In the second part of the study, further information about the cCRP was determined. Specifically, in silico data about mRNA and amino acid (aa) sequence of cCRP were confirmed by biochemical analysis and new structural properties were characterized.
The primary amino acid sequence was found to be shorter in the serum cCRP (204 aa) than the mRNA codes for cCRP (223 aa). This might have an influence on cCRP release from hepatocytes as well as protein activation. Furthermore, the specific glycosylated protein modifications were analyzed and revealed similar structure to human CRP.

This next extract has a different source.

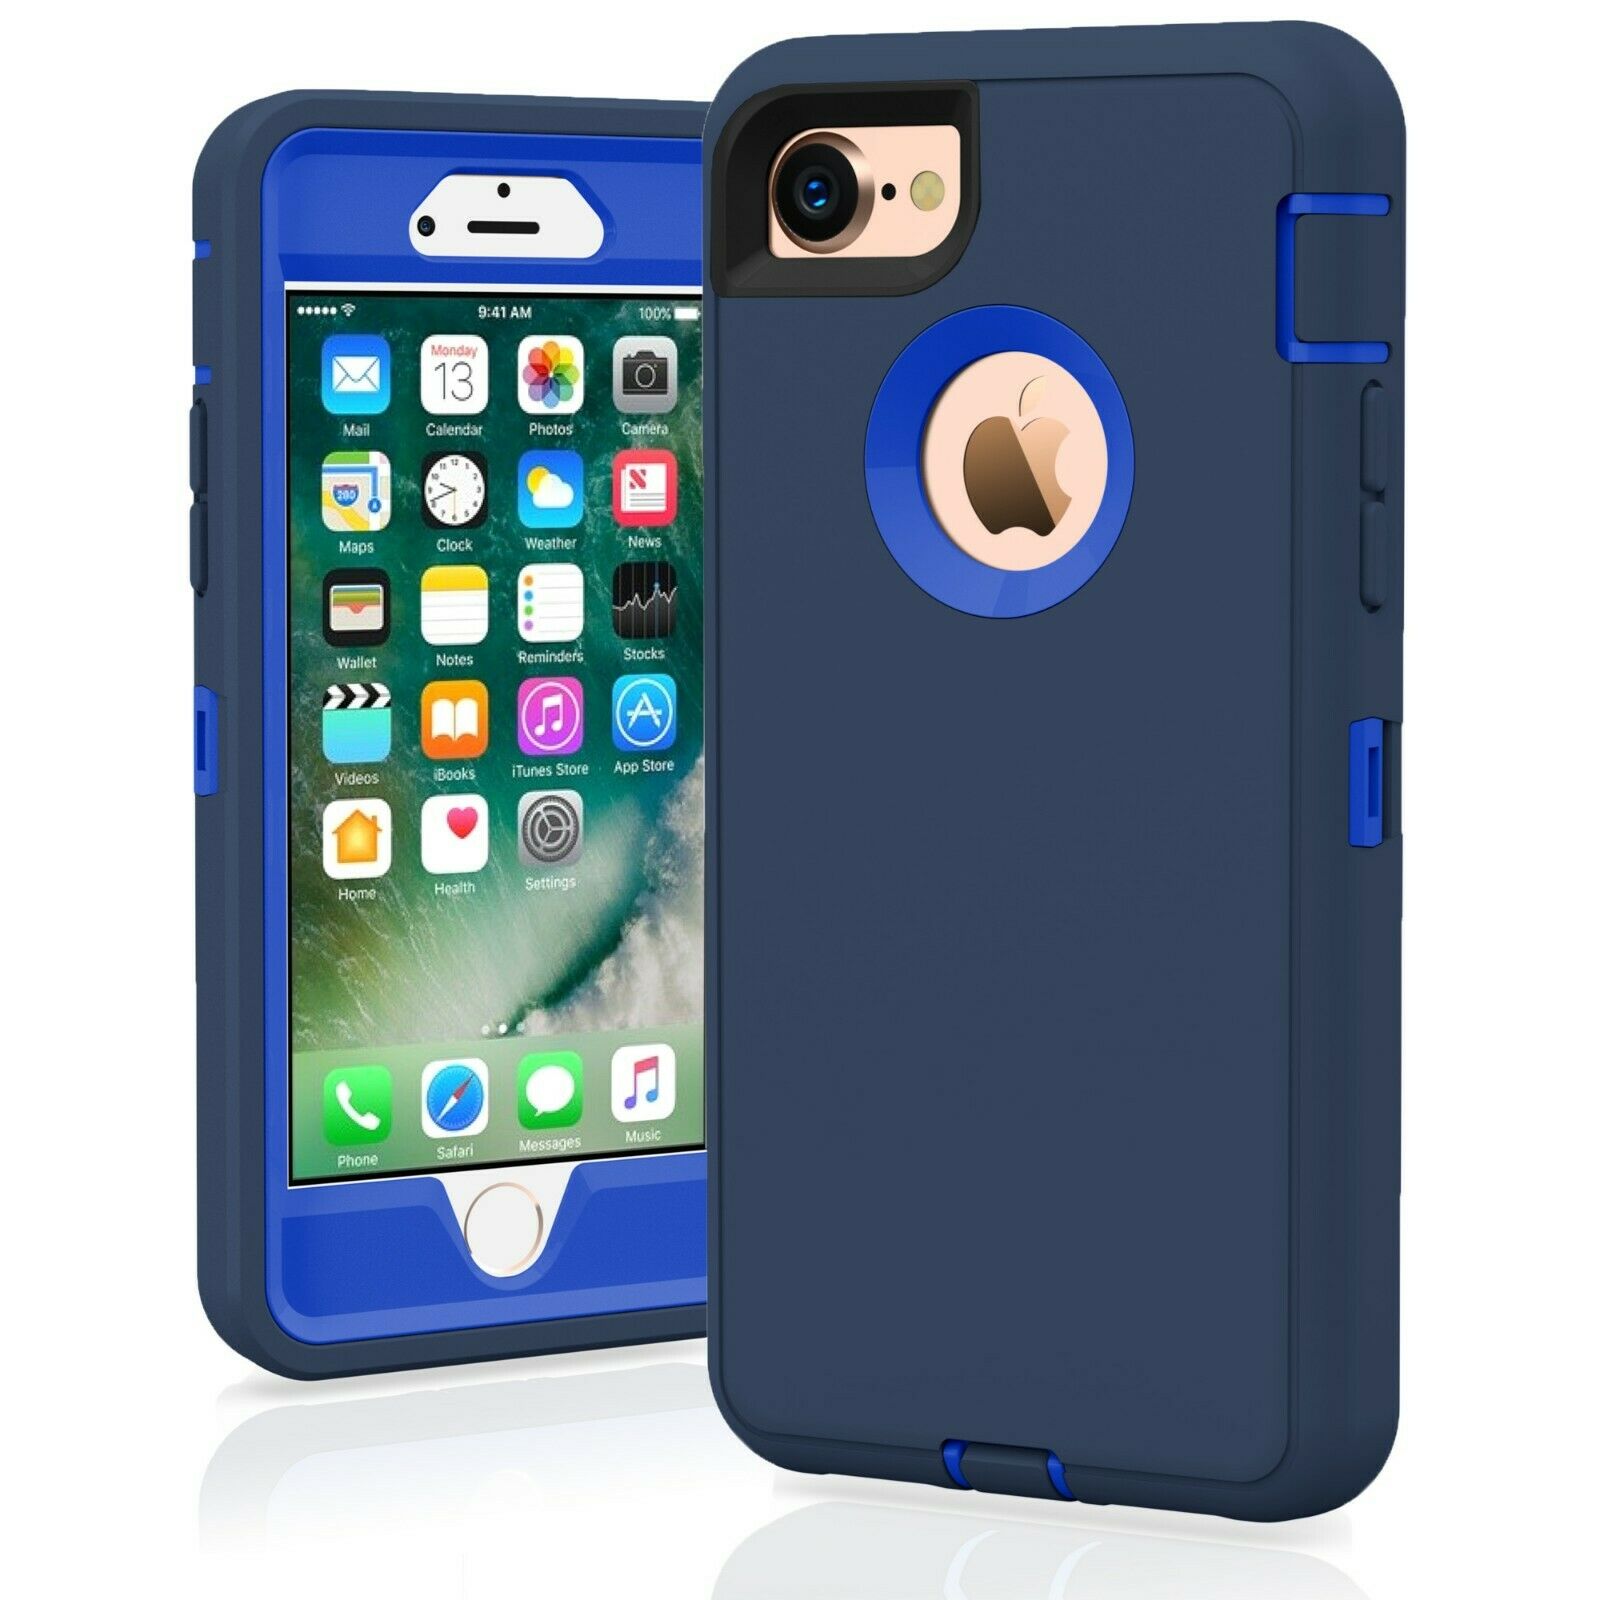 For iPhone 7 / 7 Plus 8 / 8 Plus Case Cover Protective Hybrid Rugged Shockproof alphaaccessmobile For iPhone 7 NAVY BLUE 
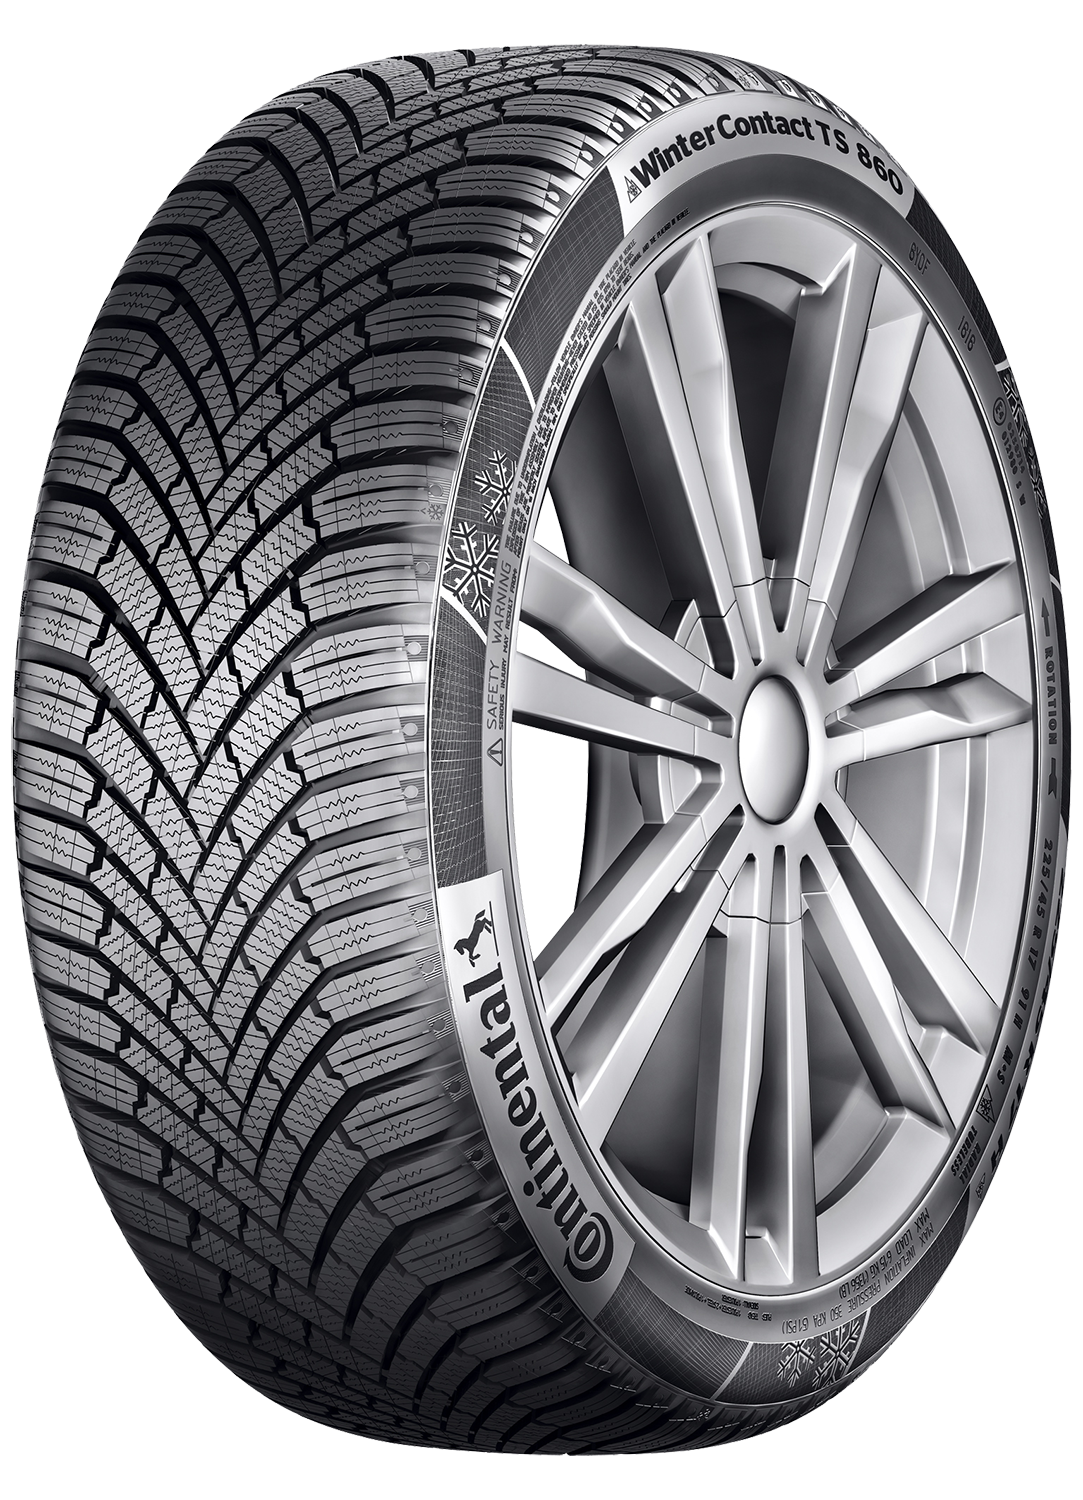 Winter car Continental AG Continental - tires from

The importance of and immunological similarity with CRP in other species was examined in the third part of the study. CRP-protein could be detected in serum samples of different Caniformia species by the anti-cCRP-antibody, but failed to be detected in several species of the Eutheria family. However, the detection of CRP in the serum of dog-related species might increase the diagnostic possibilities for wild animals from the Caniformia family.